Check out Northernthailand.com for a list of schools to apply to.


----------



## bigcrackrod (Sep 26, 2011)

*Location Location Location*

Well if you like the beaches there is Phucket. I would not recomend Pattaya as it is too dirty. Bangkok has so much to offer yet it is extremely crowded. Northern Thailand, I have found, is quiet and very affordable. The cities such as Chiang Mai or Chiang Rai offer great attractions and is rich in culture. 
The best way to meet a Thai lady is by just roaming around and meeting people. The internet is too full of scams so do not waste your time there. I have met some beautiful girls in grocery stores and in the mall. Good luck! 










obyjuan said:


> Hi and thanks for having me in the forum. I have a few questions about Thailand.
> 
> I am 46, American, educated, and I am moving to Thailand to teach. I will be looking for culture, climate, food, affordable living and looking to meet a great lady....Where do you recommend I live?
> 
> ...


----------



## joseph44 (May 4, 2011)

Cer said:


> I suppose you have thought about income-old age reservations and so on?
> The bolded will be not easy to do on a teacher's salary.


Culture is free
Climate is free
Food is cheaper
Living is indeed affordable
Women.............up-2-u

You won't be able to spend large amounts on houses, land, cars, gold and such, but if you meet a woman who isn't very demanding it is possible to support her and your lifestyle on a teacher's salary. 
Of course, pensions and old-age-facilities will be put on hold.


----------



## Cer (Aug 20, 2009)

joseph44 said:


> Culture is free
> Climate is free
> Food is cheaper
> Living is indeed affordable
> ...


What visa do you want to obtain if income from job is not anymore and there is NO pension fund?


----------



## joseph44 (May 4, 2011)

Cer said:


> What visa do you want to obtain if income from job is not anymore and there is NO pension fund?

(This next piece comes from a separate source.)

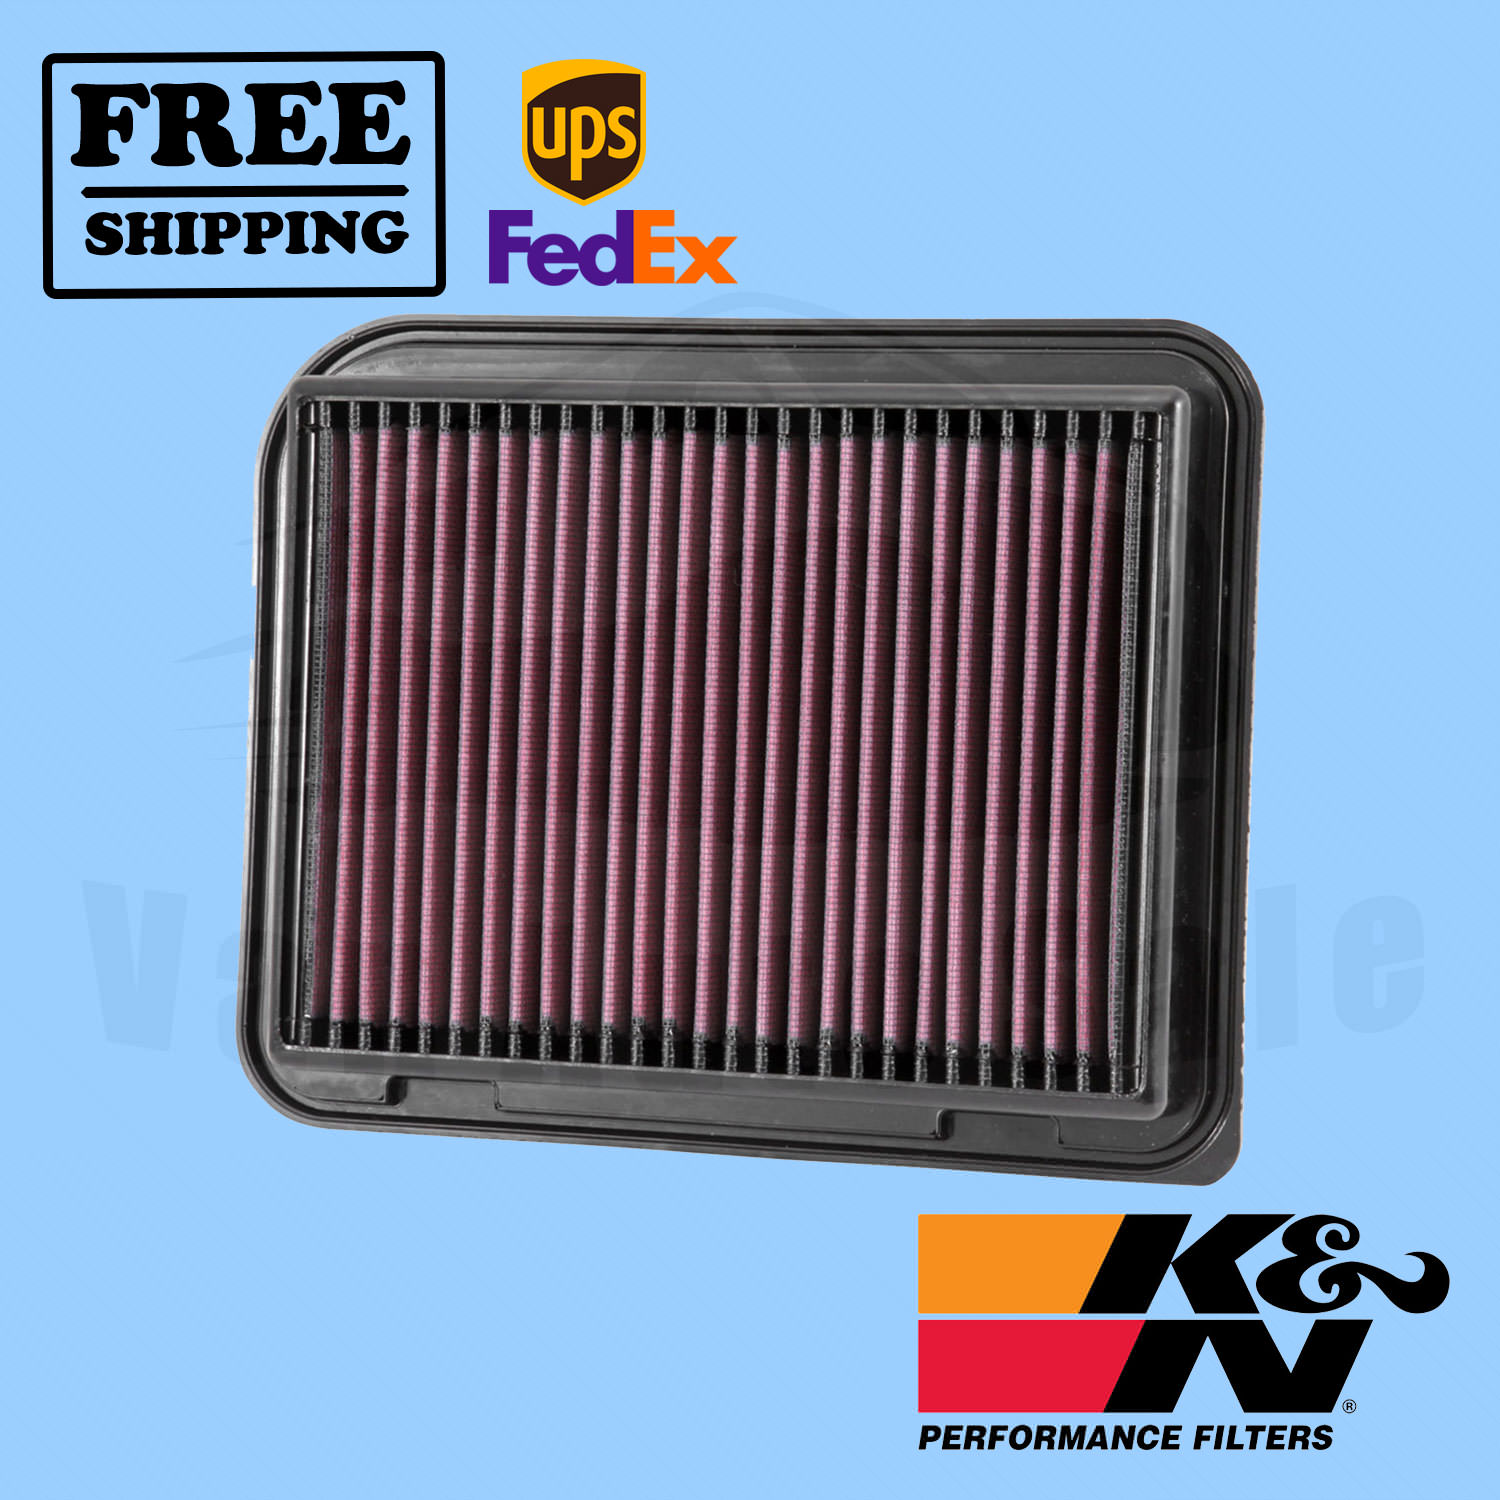 Replacement Air Filter K&N for Mitsubishi Outlander Sport 2012-2020 | eBay 2015 Mitsubishi Outlander Sport Air Filter Replacement
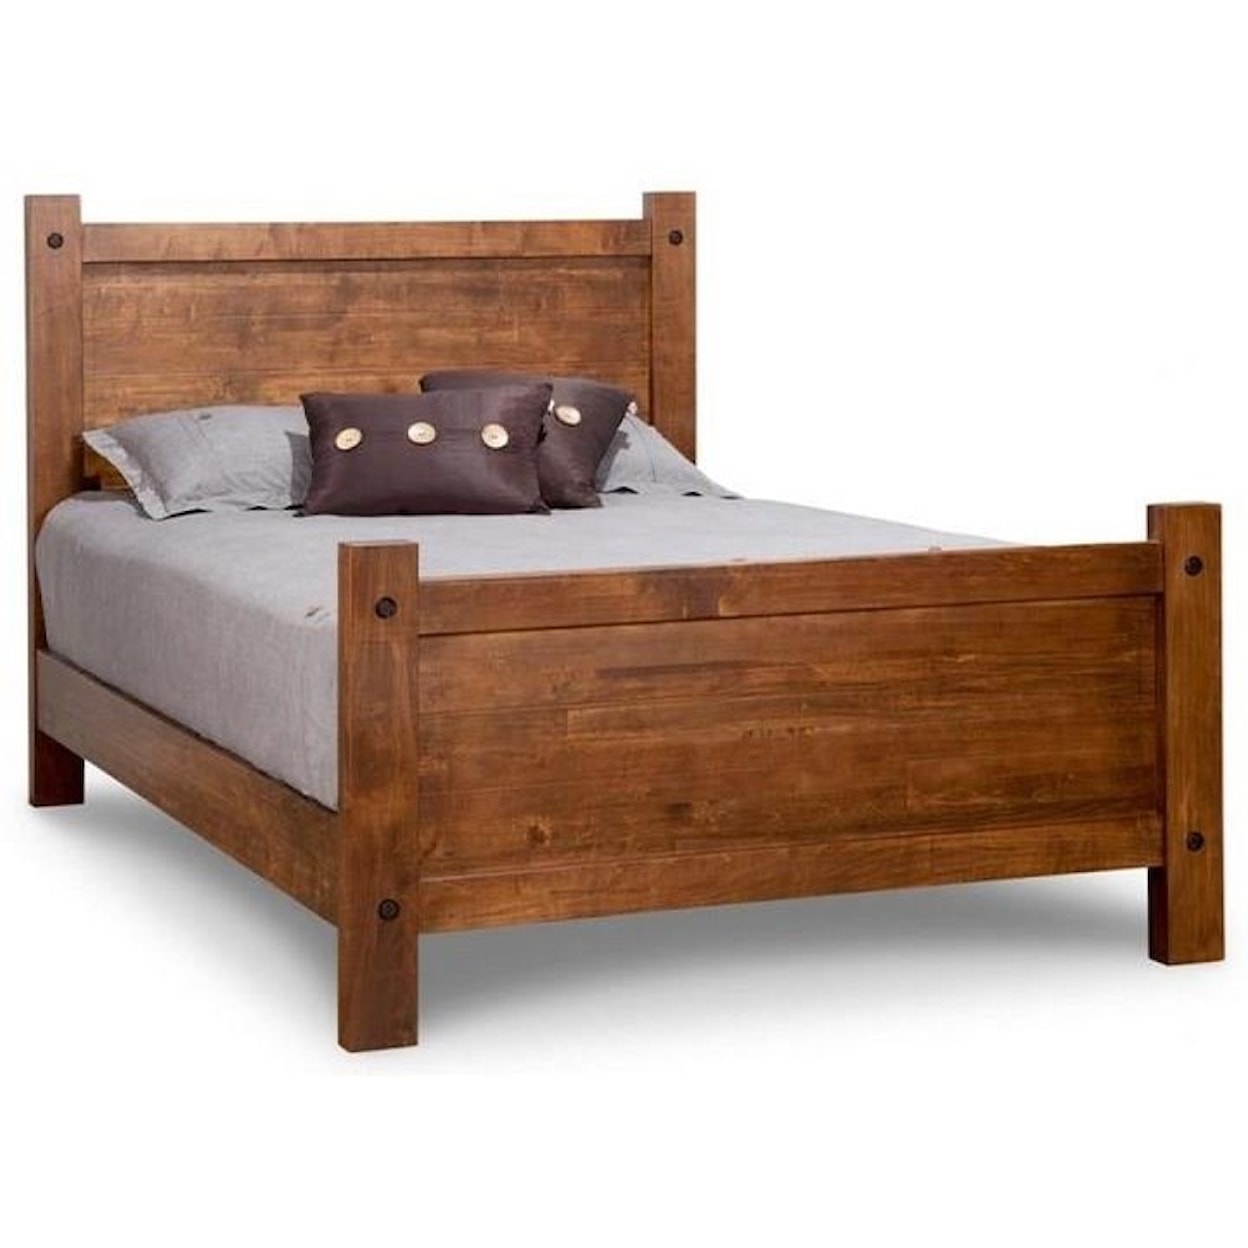 Handstone Rafters Full Bed

Don't really understand the last question.
While the OP is teaching he needs a non-B and there are no restrictions in salary. (This is an exception in the law)

If the OP starts his retirement he needs a minimum of THB 65,000 per month income or a bank-account with THB 800,000 (or a mix) in order to obtain a non-O based on retirement.


----------



## Cer (Aug 20, 2009)

joseph44 said:


> Don't really understand the last question.
> While the OP is teaching he needs a non-B and there are no restrictions in salary. (This is an exception in the law)
> 
> If the OP starts his retirement he needs a minimum of THB 65,000 per month income or a bank-account with THB 800,000 (or a mix) in order to obtain a non-O based on retirement.


Yes,now he is working and on a non B,but he will not be working all his life.
What if he need to retire and there are no funds available?

You posted:quote
Of course, pensions and old-age-facilities will be put on hold
unquote.
So where is the money coming from?


----------



## joseph44 (May 4, 2011)

Cer said:


> Yes,now he is working and on a non B,but he will not be working all his life.
> What if he need to retire and there are no funds available?
> 
> You posted:quote
> ...


I have no idea where the funds come from, I can't look into the OP's wallet. 
"Put on hold" means: you will no longer build up any pension or in 'our' case AOW unless you take of this and yes, that will be difficult with a teacher's salary, which BTW can be as much as THB 100,000 if you find the right employer.


----------



## Cer (Aug 20, 2009)

joseph44 said:


> I have no idea where the funds come from, I can't look into the OP's wallet.
> "Put on hold" means: you will no longer build up any pension or in 'our' case AOW unless you take of this and yes, that will be difficult with a teacher's salary, which BTW can be as much as THB 100,000 if you find the right employer.


He is 46 and coming to Thailand to teach!
The average teacher's salary will be around 35.000/month.
He did not wrote that he had already a financial buffer,but he will need that if he wants to stay in Thailand after retirement from teaching.
Let's wait for his answer


----------